Solar power!

Idk where to start so let me just say what I wanna do.

I would like to run at least all my ventilation off solar.. thing is I'm running my lights at night but ventilation will be active 24/7

Ventilation would be about 6/7 fans, 6 & 8 inline fans and duct fand, unsure on how many watts

What should I be looking into?
 

Flagg420

Well-Known Member
Spending a lot of money...

You are looking at solar cell panels, a bank of deep cycle batteries, inversion equipment....

By the time you are done, you might as well switch to LED lights, and run the whole system off batteries, and let them charge in the day time....
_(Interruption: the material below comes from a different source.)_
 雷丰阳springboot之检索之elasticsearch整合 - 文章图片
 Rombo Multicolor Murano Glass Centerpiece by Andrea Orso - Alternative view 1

Would be a super long time before the savings managed to pay off the cost for moving ventilation to solar....
 

Bakersfield

Well-Known Member
Since you have electricity at your site, you should look into net metering- selling your homemade power back to the power company.
This will stop you from having to buy an inverter and battery bank. Maintaining a battery bank is an important chore that needs to be done correctly or you will be buying another prematurely.
 

Bakersfield

Well-Known Member
If your looking into solar to keep the man from knowing how much power your consuming, I'd invest in a small diesel generator and a battery bank. You can run the Genny and charge your batteries as often as needed.
None of these options are cheap. Just buying your power is the most economical choice.
 

Tripped circuits

Well-Known Member
Yes you would need to calculate your amp hours and figure system design from that. you would need solar collectors at about 1$/watt, racking, dc/ac inverter, DC charge controller and battery bank with sufficient storage space. realistically gonna cost u around 800-900. look into northern tool they sell kits also harbor freight has them

But to do it manually you need to know watts per hour by hours run. let's say 6 fans at 250watts an hour 24 hours a day. 1500 watts from all 6 fans 24 hours a day. 36,000 w/hour a day. next divide watt hour by battery voltage so a 12v battery would need 3000 amp hour. take into account inverter efficiency of 85% so you would need 3450 amp hour battery bank. I
 

hippee

Well-Known Member
Don't mean to interrupt,but maybe you could answer this ? I saw this solar set up on amazon that all you do is set up the panel and plug it into a receptacle and it supposedly puts power back into your home saving you $.My ? is could a system be set up lets say 6KW in the same way so basically the output would plug into your main after the meter.The reason I ask is I have a couple of invertors that are designed to be used on the grid and would like to do something like that if possible
 

Tripped circuits

Well-Known Member
Hippee, the closest you can get to simple plugging in is limited by nec national electric code. a 200 amp panel can have 40amp max back feed. so one big inverter on a 40 amp breaker or smaller ones on 2 20 amp breakers. a plug into a receptacle solar kit would in my opinion be severely undersized. I have 26kw in my backyard, all is fed through 200 amp feeders line side connected to the wires coming out of the meter panel. so there are really two legit ways to connect solar, 1) via backfed circuit breaker, 2) a line side tap which is basically just splicing into the main wires that go from the meter to your main control panel
 

hippee

Well-Known Member
thanks for the reply so lets say I made that happen a 40 amp backfeed into a breaker would that slow my meter down any,I just can't wrap my brain around how it would, doesn't yours have a special meter that will turn backward or is it everything I run off that breaker is free and when the sun goes down so does my power
 

Tripped circuits

Well-Known Member
Yes my meter works in both directions so in the summer I over produce and it goes backwards until I'm consuming more energy then producing. net energy meter. to get one you would need to go about it the right way with permits and interconnection agreement with electrical utility company. I installed solar for a few years, some of the old analog meters only count up regardless of flow direction, meaning any excess you were producing you were doing so for the regular rate of electricity and not using any of it
 

ttystikk

Well-Known Member
Like Brazil, home based solar power is almost ready for prime time- and it always will be.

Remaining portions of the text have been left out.